Today, we're really focusing in on red blood cell disorders.

We want to master those core concepts.

That's right.

We're taking the essentials from Porth's Path of Physiology, Chapter 23, and trying to build a, well, a really clear map for you.

The goal isn't just reciting facts, is it?

It's about understanding the why.

Exactly.

The clinical reasoning.

Why do these symptoms happen?

If you grasp the underlying mechanisms, you're well on your way to mastering the subject.

And it all starts with the red blood cell itself, the erythrocyte.

It's quite an incredible little machine.

Okay, so let's unpack that.

The numbers alone are staggering, right?

Yeah.

500 to a thousand times more numerous than other blood cells.

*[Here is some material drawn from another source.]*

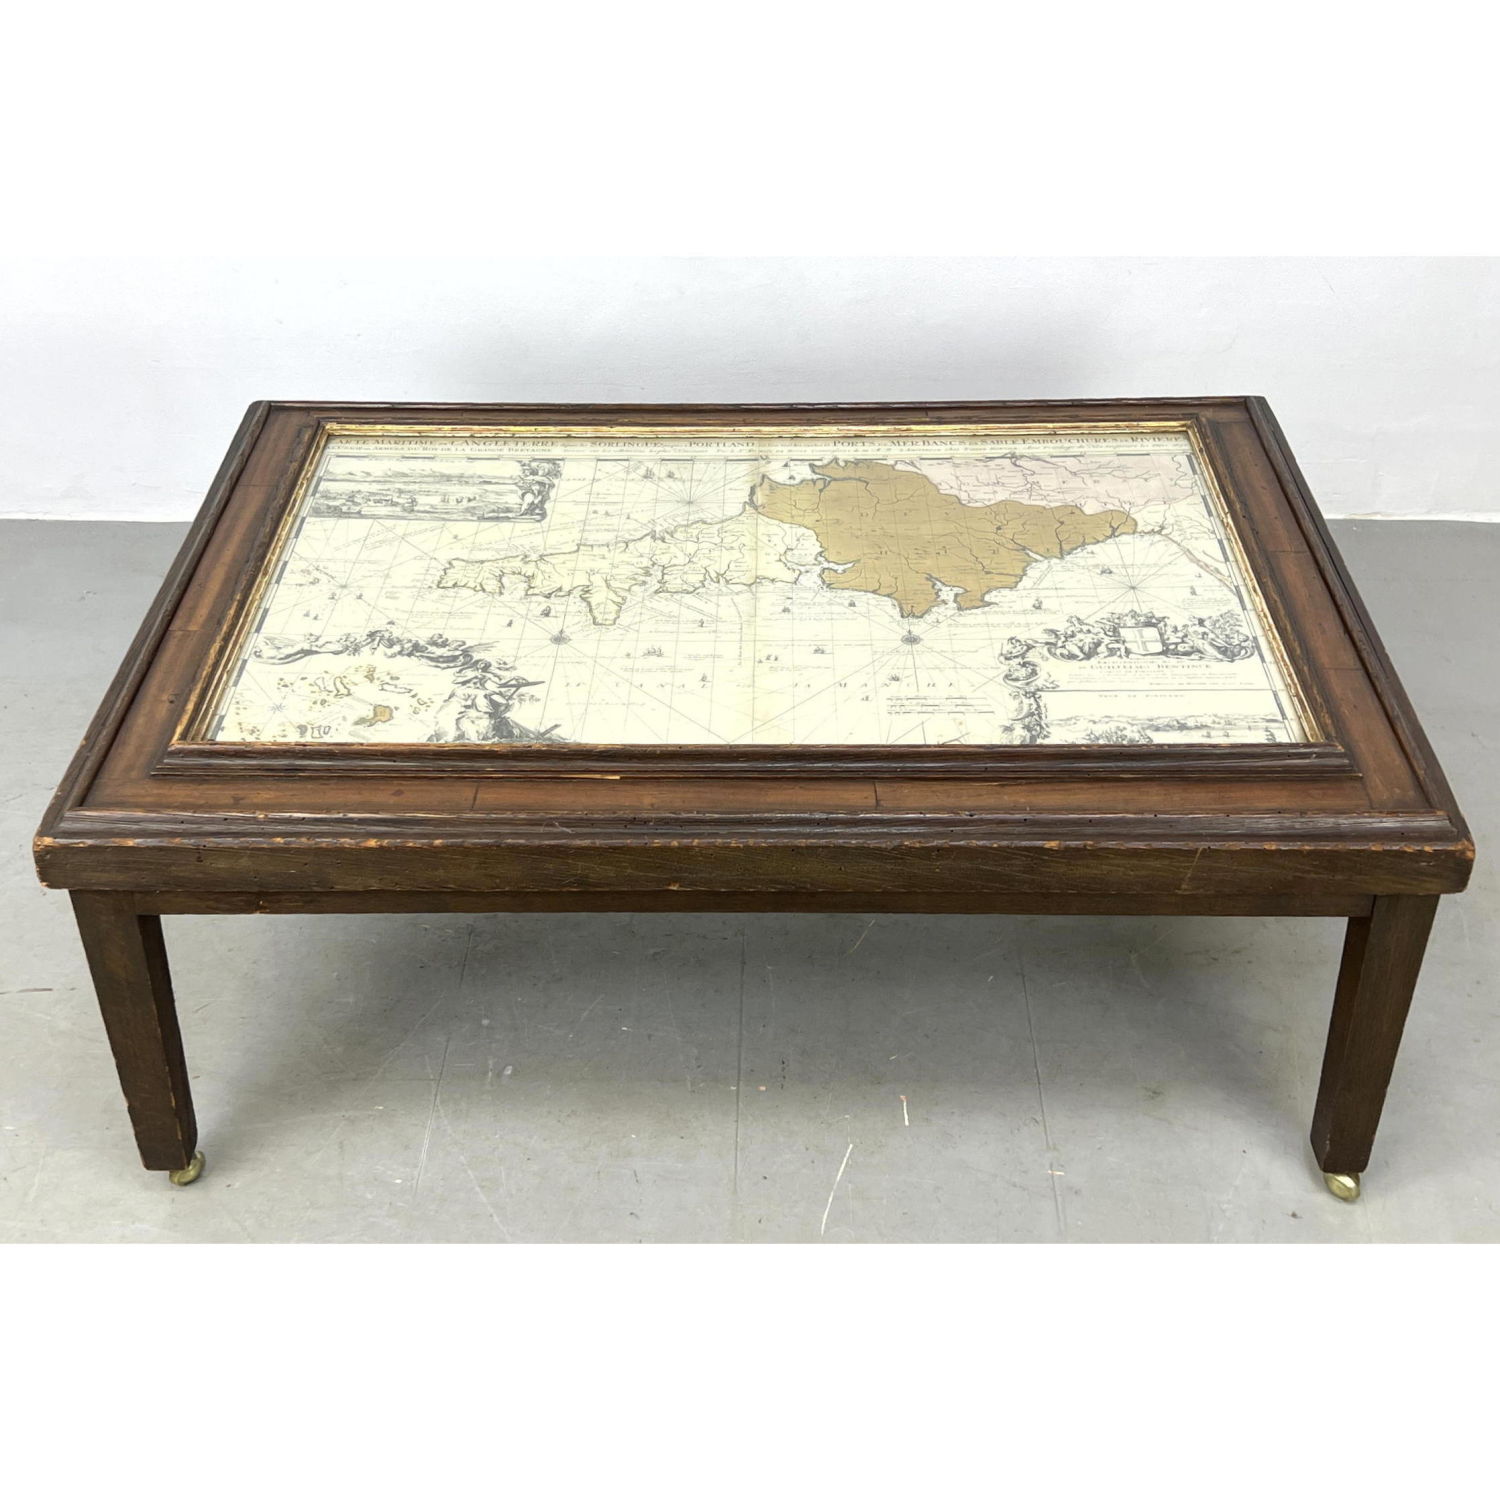 Framed Vintage Map Coffee Table  2b87fc

Yeah, just vast quantities.

But the shape, that biconcave disc shape, that's really ingenious.

And it doesn't have a nucleus.

Why that specific shape?

Well, two main reasons.

First, it maximizes the surface area relative to the volume.

That's key for fast oxygen diffusion, getting oxygen in and out quickly.

Okay, faster diffusion.

What's the second reason?

Flexibility.

The membrane itself is incredibly pliable.

It has this internal scaffolding.

A protein network spectrum and anchoring are the key ones.

And that flexibility lets it do what, exactly?

It allows the cell to literally deform, to bend and squeeze through the absolute tiniest capillaries in your body.

Capillaries much narrower than the cell itself.

That's how it reaches every tissue.

Wow.

Without that, it just wouldn't work.

It would break apart.

Fragile cells get destroyed prematurely.

And inside that flexible container is the main event, hemoglobin Hb.

The oxygen carrier carries almost all of it, didn't you say?

Like 95 to 98 percent.

Pretty much all of it.

It's the primary vehicle.

And structurally, it's four polypeptide chains, each linked to a heme unit containing iron.

So one hemoglobin molecule grabs four oxygen molecules.

And they're different types, right?

Adult versus fetal hemoglobin.

Yes, HbA versus HbF.

And this is fascinating.

HbF, fetal hemoglobin, actually has a higher affinity for oxygen.

It holds onto it more tightly.

Why would that be?

Think about the placenta.

The fetus needs to effectively pull oxygen away from the mother's hemoglobin.

That higher affinity makes the transfer possible.

Ah, clever.

And then that changes after birth.

It does.

Over the first six months or so, HbF is gradually replaced by the adult form, HbA.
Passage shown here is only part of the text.